Kuwait’s amnesty for irregular workers started on April 1 and will run until April 30. Migrants who have overstayed their visas or are otherwise undocumented will be allowed to leave the country without paying fines and will be allowed re-entry in the future, unless a ban is placed on them for outstanding bills or legal cases.
The opportunity to return home may provide a welcome reprieve for many of these workers, who now struggle to buy food and pay rent amid the COVID19 crisis. With stay-at-home orders and the closure of non-essential businesses, most irregular workers are no longer able to earn their daily wages. However, repatriation is an important consideration of any COVID19 response in the region, there are critical risks that do not appear to have been taken into account.
According to community groups in Kuwait, the amnesty process is well-organised and incorporates some of the recommendations Migrant-Rights.org issued last week. Workers are bused into a one-stop centre where all their paperwork is processed on the same day. They are provided temporary shelter and food while they wait.
The demand for the amnesty is large, with over 500 workers per day being processed at the centres. The centres are officially open from 8 A.M. to 3 P.M. but close once they reach their quota, which often occurs as early as 9 A.M. This means there is no way of decongesting queues or various points where paperwork is processed.
Each week, the processing centre is reserved for a particular nationality, with all other nationalities (primarily Africans) clubbed together for the last week. (Philippines, April 1-5; Egypt: April 6 –10; Bangladesh, April 11 – 15; India: April 16 – 20; Sri Lanka, April 21 – 25; and all remaining nationalities April 26 – 30).
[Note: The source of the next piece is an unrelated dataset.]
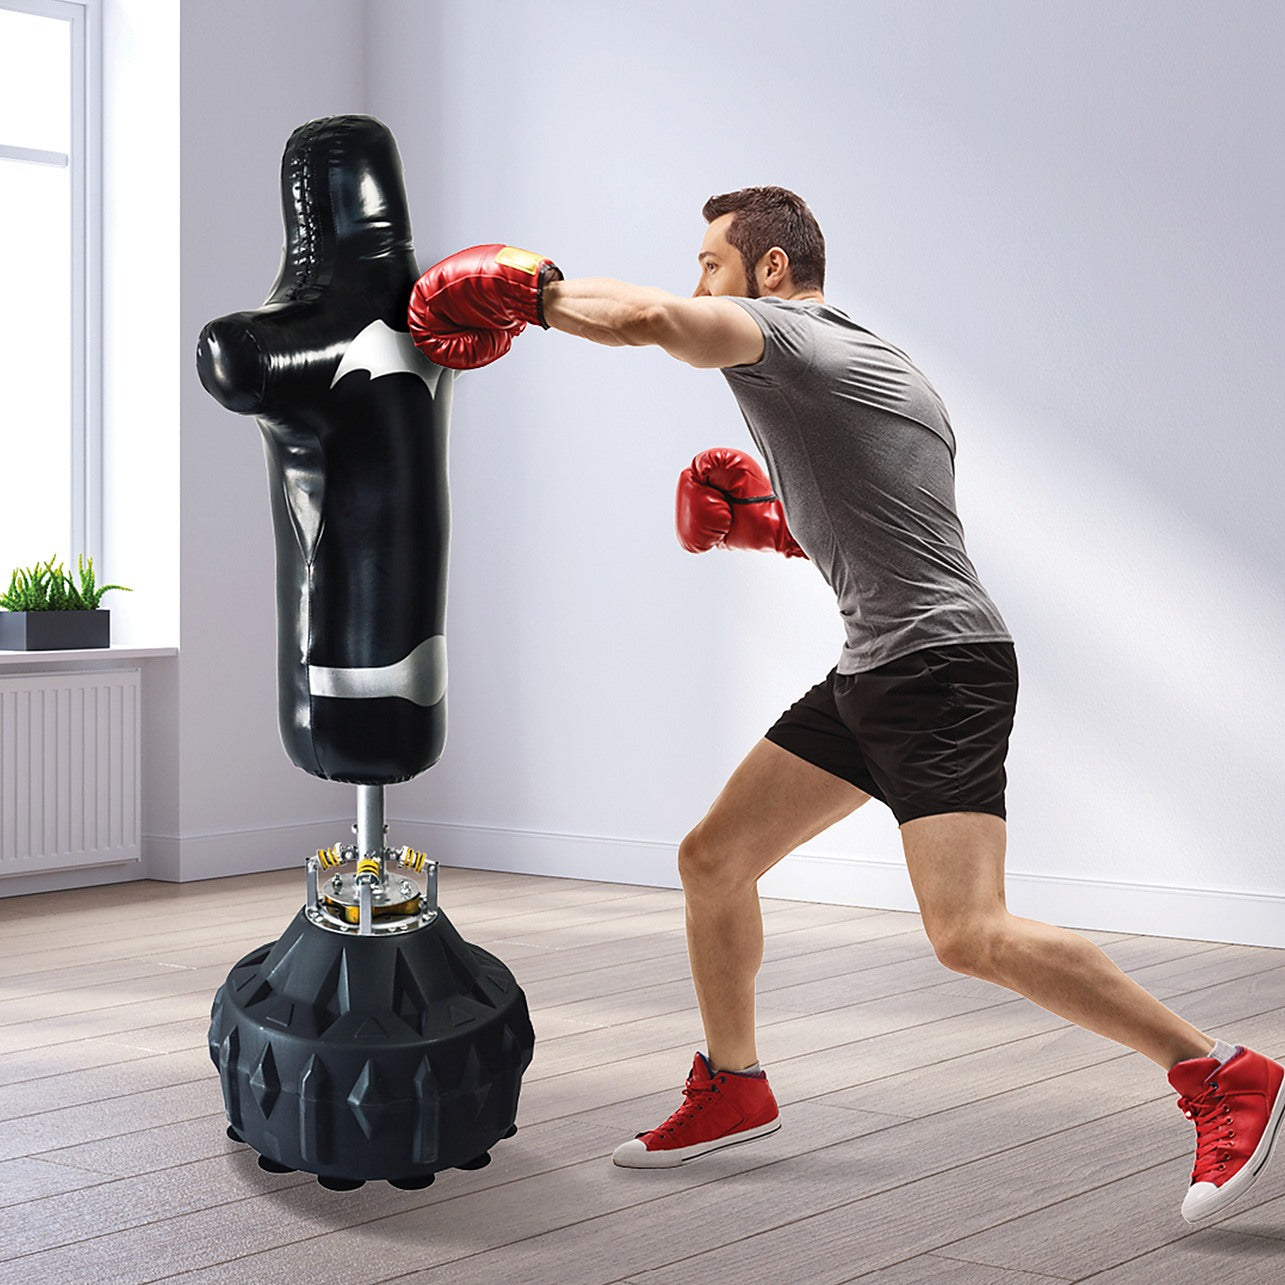 Does A Punching Bag Build Muscle? | FightCamp

This may pose an issue as there are a large number of African workers in Kuwait who may be unable to apply for the scheme, especially those who do not have an embassy in the country and need more time to arrange their paperwork. Kuwait had earlier planned to set up extra centres in Farwanya and Jleeb in the last week of the amnesty. However, with Jleeb now under lockdown due to several residents from the area testing positive for the virus, it’s unclear how these areas will be serviced.
Given the large volume of applicants and the short duration of the amnesty period overall, it is likely that Kuwait will need to extend the amnesty as it has in the past. Embassies of countries of origin have also reported their concerns, noting their limited capacity to respond to the short-notice period.
Not all workers are eligible for repatriation; over 700 Filipinos were turned away due to ongoing court cases, bank loans, or bills, according to a source. Most are also not eligible to regularise their stay, and the option to do so is only available to domestic workers, those who became irregular after March 1, 2020, and a limited number of other non-nationals.
There is also a reluctance by many to avail of the amnesty because of the precarious health and economic conditions in their home countries. Workers with unpaid wages also do not want to leave without guarantee of their dues.
The Kuwaiti government is paying for most repatriation flights via Kuwait Airways (those on visit visas or expired visit visas will need to pay their own way and coordinate with their embassy, though they will not have to pay any fines). While this is a positive move that will help workers who want to return home to leave, the risks of mass repatriation do not appear to be fully addressed. There is no pre-departure testing of amnesty applicants so far. Many workers will be returning to countries that may have not have the capacity for testing, particularly in the more remote areas where many of these workers will travel on to. The number of people they encounter in transit to their home cities will pose a further health risk.
The preparedness and willingness of countries of origin to accept returnees need to be factored into the government response. For many migrant workers, returning home may remain the only option as they are unlikely to find jobs in the tough economic climate. However, Kuwait can help minimise public health risks through pre-departure testing, providing safety equipment to applicants, and loosening restrictions on regularisation.